Given probabilities:
- P(H) = 0.58
- P(A) = 0.47
- P(H ∩ A) = 0.20 (One-fifth have both)
Description and Calculation of Events
We describe the following events and calculate their probabilities:
Hⁿ (H complement): Does not have hypertension.
$$P(H^c) = 1 - P(H) = 1 - 0.58 = \mathbf{0.42}$$
H ∪ A (H union A): Has hypertension or high cholesterol (or both).
$$P(H \cup A) = P(H) + P(A) - P(H \cap A) = 0.58 + 0.47 - 0.20 = \mathbf{0.85}$$
Hⁿ ∩ Aⁿ (H complement intersection A complement): Does not have hypertension and does not have high cholesterol.
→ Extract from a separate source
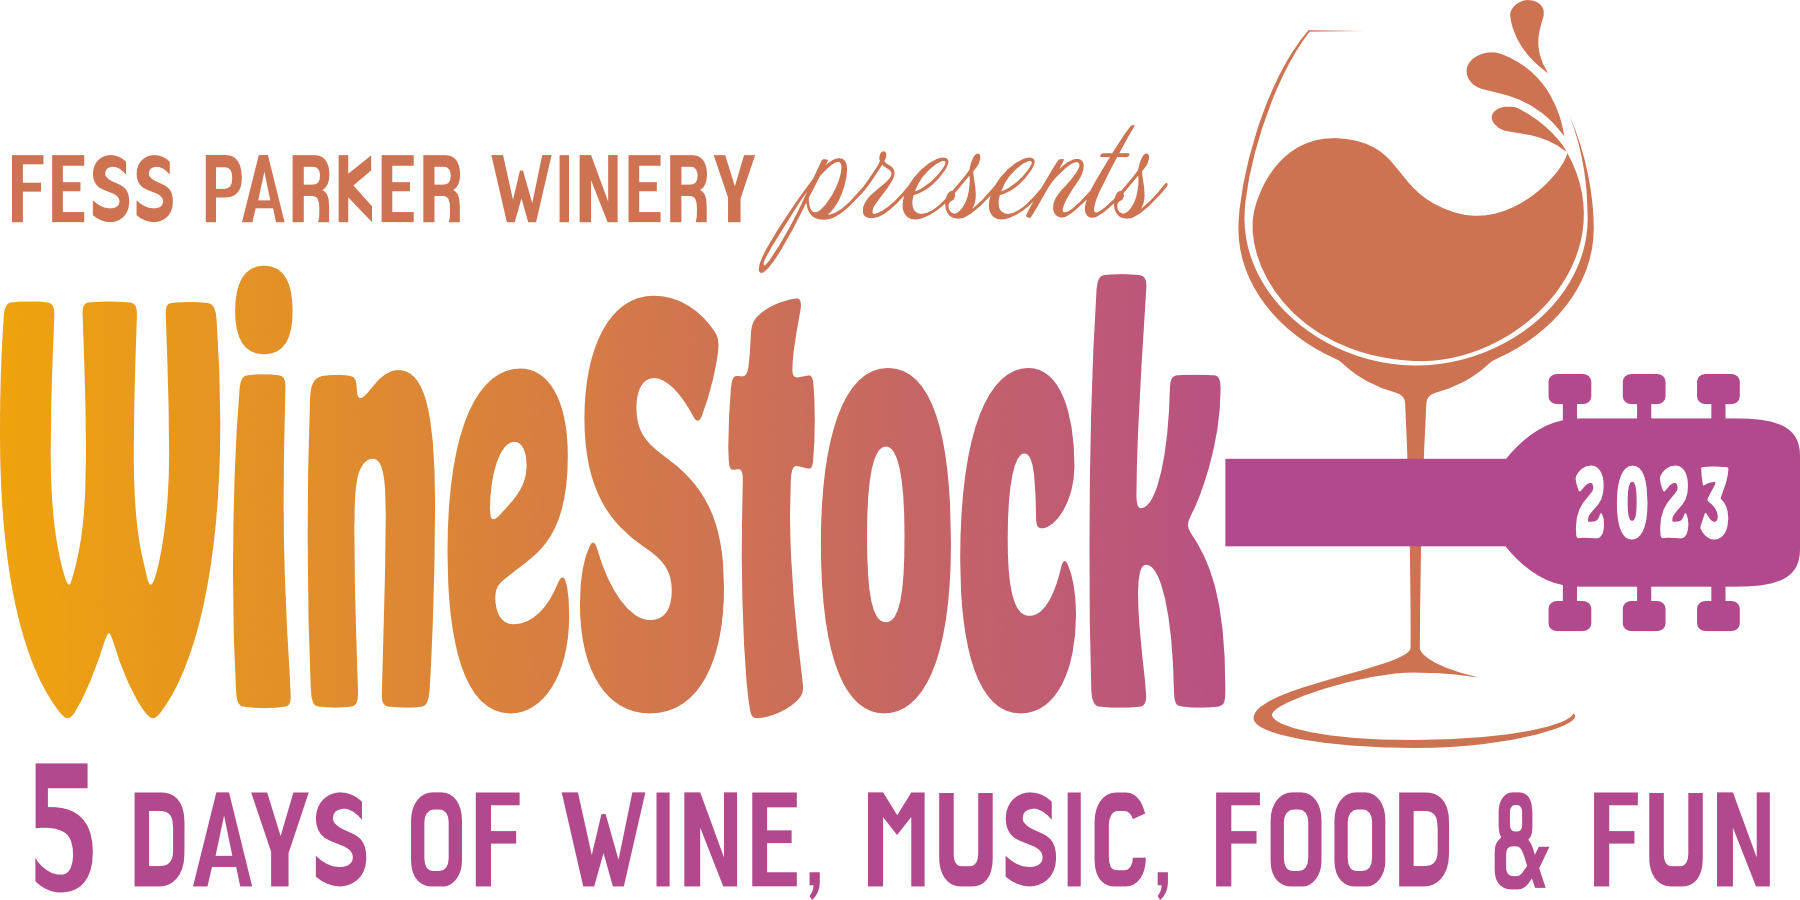 Fess Parker Winery Presents WineStock 2023

$$P(H^c \cap A^c) = 1 - P(H \cup A) = 1 - 0.85 = \mathbf{0.15}$$
P(H | A): Has hypertension, given that they have high cholesterol (A is the population).
$$P(H | A) = \frac{P(H \cap A)}{P(A)} = \frac{0.20}{0.47} \approx \mathbf{0.4255}$$
P(A | H): Has high cholesterol, given that they have hypertension (H is the population).
$$P(A | H) = \frac{P(H \cap A)}{P(H)} = \frac{0.20}{0.58} \approx \mathbf{0.3448}$$
Independence Check
Are the events H and A independent?
No, because the conditional probability $P(H | A) \approx 0.4255$ is not equal to the marginal probability $P(H) = 0.58$. If they were independent, these values would be equal.
Descriptive Statistics and Frequency Distribution
Frequency Table Analysis
| Real Limits ($L_i, L_s$) | Apparent Limits | Class Mark ($X_i$) | Frequency ($f_i$) | Cumulative Frequency ($N_i$) | Relative Frequency ($r_i$) | Cumulative Relative Frequency ($R_i$) |
|---|---|---|---|---|---|---|
| (39.95, 49.95) | 40.0 - 49.9 | 44.95 | 47 | 47 | 0.235 | 0.235 |
| (49.95, 59.95) | 50.0 - 59.9 | 54.95 | 83 | 130 | 0.415 | 0.650 |
| (59.95, 69.95) | 60.0 - 69.9 | 64.95 | 42 | 172 | 0.210 | 0.860 |
| (69.95, 79.95) | 70.0 - 79.9 | 74.95 | 28 | 200 | 0.140 | 1.000 |
Key Statistical Measures
Central 90% Range
The central 90% of the population lies between the 5th percentile and the 95th percentile:
Between 42.08 (5th percentile) and 76.38 (95th percentile).
Mean and Standard Deviation
- Average (Mean): 57.50
- Standard Deviation: 9.70
Coefficient of Asymmetry (Skewness)
- Asymmetry Coefficient: 0.39
- Interpretation: Since the coefficient is positive, the data are slightly skewed to the right (the tail extends to the right).
Bayes' Theorem Application in Medical Diagnosis
A medical team doctor believes, based on clinical history and tests, that a patient may have condition $E_1$, $E_2$, or $E_3$ with the following a priori probabilities:
- $P(E_1) = 0.40$
- $P(E_2) = 0.55$
- $P(E_3) = 0.05$
A new symptom, $S$, appears. The likelihoods of this symptom occurring given each disease are:
- $P(S | E_1) = 0.80$ (80% of people with $E_1$ have $S$)
- $P(S | E_2) = 0.30$ (30% of people with $E_2$ have $S$)
- $P(S | E_3) = 0.90$ (90% of people with $E_3$ have $S$)
In the presence of this new symptom $S$, we must use Bayes' Formula to calculate the altered (posterior) chances that the patient has each of the three diseases, giving the results to three decimal places.
(Note: The calculation steps for $P(E_i | S)$ are required but not provided in the original text. The problem asks for the calculation using Bayes' Formula.)